Renforcer le dialogue entre les parties prenantes : Le gouvernement, les administrations universitaires, et les organisations étudiantes doivent instaurer des plateformes régulières de dialogue. Ces discussions peuvent permettre de résoudre les conflits avant qu’ils ne dégénèrent en violences.

Renforcer le cadre légal des associations syndicales estudiantines et scolaires : Il est impératif de réformer le cadre juridique régissant les syndicats étudiants et scolaires. Cette réforme devrait inclure des règles claires sur la non-violence, la transparence dans la gestion des syndicats, le mode de financement et des sanctions en cas de violations. Un contrôle plus strict de la part des autorités éducatives est nécessaire pour prévenir les dérives. Les lois devraient également interdire clairement toute ingérence des partis politiques dans les syndicats étudiants, afin de dépolitiser le milieu syndical.

Former et sensibiliser les syndicats étudiants : Une meilleure formation des membres des syndicats, en mettant l’accent sur les méthodes non violentes de revendications, serait cruciale. Cela passe par des ateliers sur la gestion des conflits, l’éthique syndicale, le leadership responsable et la démocratie participative. Former les membres et les dirigeants du syndicat à la neutralité politique est essentiel pour éviter que les idées partisanes ne s’infiltrent dans les activités du groupe. Il est primordial de veiller à l’objectivité dans les revendications syndicales. Le syndicat devrait s’appuyer sur des études ou des enquêtes auprès des étudiants pour déterminer ses priorités et ses revendications. Les problèmes abordés doivent être spécifiques aux besoins des étudiants, sans lien avec les dynamiques politiques du pays.

Assurer une indépendance des partis politiques : Il est crucial qu’un syndicat étudiant apolitique refuse toute affiliation ou financement provenant de partis politiques. Cela inclut le rejet de l’influence directe ou indirecte de ces partis dans les processus de décision ou de recrutement des membres du syndicat. Pour préserver cette indépendance, il est essentiel de garantir une gestion financière transparente et de rechercher des financements provenant de sources non partisanes, comme des dons, des cotisations étudiantes ou des partenariats avec des organisations apolitiques.

Impliquer la société civile et les ONG dans la gestion des crises : Des organisations de la société civile peuvent jouer un rôle de médiateurs et d’éducateurs dans la promotion d’un syndicalisme pacifique. Elles pourraient aider à surveiller et à signaler les abus tout en formant les jeunes leaders.

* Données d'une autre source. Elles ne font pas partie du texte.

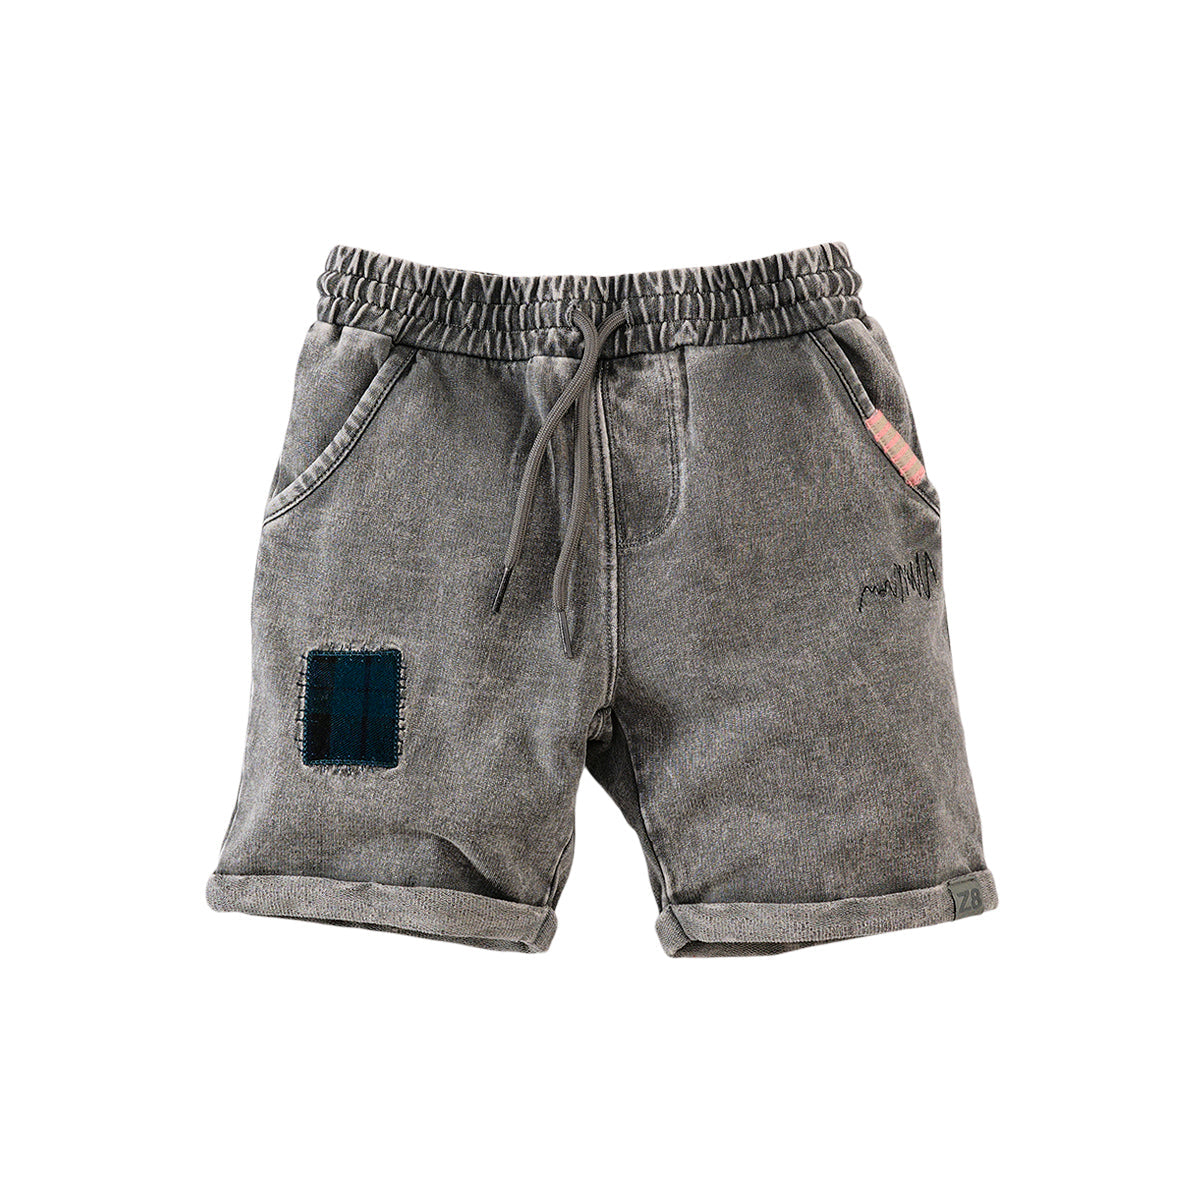 Jongens Sweat Shorts Ferco van Z8 in de kleur Charcoal grey in maat 140.

Dépolitiser le syndicalisme étudiant : La politisation excessive des syndicats, notamment la FESCI, contribue souvent à l’escalade des violences. Réduire les influences politiques sur les mouvements étudiants permettrait de recentrer le syndicalisme sur les préoccupations académiques et sociales réelles des étudiants.

Sanctionner les violences et les abus : Il est crucial que les responsables d’actes de violence soient tenus responsables de leurs actions. Cela pourrait se traduire par des sanctions académiques, voire judiciaires, pour décourager l’impunité.

Faire la promotion de syndicats alternatifs centrés sur les droits des élèves et étudiants : Encourager la formation de syndicats étudiants alternatifs, non violents et indépendants, offrirait une autre voie pour ceux qui cherchent à défendre les droits des étudiants sans recourir à la violence.

Procéder à des réformes institutionnelles et améliorer les conditions des étudiants : Enfin, beaucoup des revendications étudiantes naissent de l’insatisfaction face aux conditions de vie et d’études. Améliorer ces conditions (bourses, infrastructures, etc.) réduirait la frustration et diminuerait l’attrait des actions syndicales violentes.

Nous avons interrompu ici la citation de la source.